TASK DESCRIPTION
Say how many lines in the records include the string "hand", adding no other words.

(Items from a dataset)

....................

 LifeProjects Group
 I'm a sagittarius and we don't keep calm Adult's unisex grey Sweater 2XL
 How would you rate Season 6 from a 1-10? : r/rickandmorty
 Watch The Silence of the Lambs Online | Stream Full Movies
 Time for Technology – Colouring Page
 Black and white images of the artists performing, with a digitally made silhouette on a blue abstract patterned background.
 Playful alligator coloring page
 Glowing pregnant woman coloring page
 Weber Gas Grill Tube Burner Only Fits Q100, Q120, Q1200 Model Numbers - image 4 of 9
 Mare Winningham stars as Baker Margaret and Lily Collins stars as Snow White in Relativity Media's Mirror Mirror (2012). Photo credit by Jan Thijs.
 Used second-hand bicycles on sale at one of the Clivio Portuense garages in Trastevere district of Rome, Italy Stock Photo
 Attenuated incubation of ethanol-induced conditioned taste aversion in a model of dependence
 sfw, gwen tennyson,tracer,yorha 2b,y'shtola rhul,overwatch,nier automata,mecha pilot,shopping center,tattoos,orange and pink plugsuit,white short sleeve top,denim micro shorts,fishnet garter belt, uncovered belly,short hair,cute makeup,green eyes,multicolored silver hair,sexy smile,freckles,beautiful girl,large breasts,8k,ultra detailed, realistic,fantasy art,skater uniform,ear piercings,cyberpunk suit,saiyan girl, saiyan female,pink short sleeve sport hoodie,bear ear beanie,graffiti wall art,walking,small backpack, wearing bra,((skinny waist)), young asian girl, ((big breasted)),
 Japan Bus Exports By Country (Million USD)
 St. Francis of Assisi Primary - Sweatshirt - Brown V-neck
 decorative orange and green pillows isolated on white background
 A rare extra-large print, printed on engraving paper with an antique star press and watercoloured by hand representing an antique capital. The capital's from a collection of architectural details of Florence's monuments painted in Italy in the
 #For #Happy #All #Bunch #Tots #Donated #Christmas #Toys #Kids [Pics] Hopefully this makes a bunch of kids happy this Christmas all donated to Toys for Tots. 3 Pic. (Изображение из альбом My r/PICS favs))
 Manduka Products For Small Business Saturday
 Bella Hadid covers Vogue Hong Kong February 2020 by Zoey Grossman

....................

TASK SOLUTION
2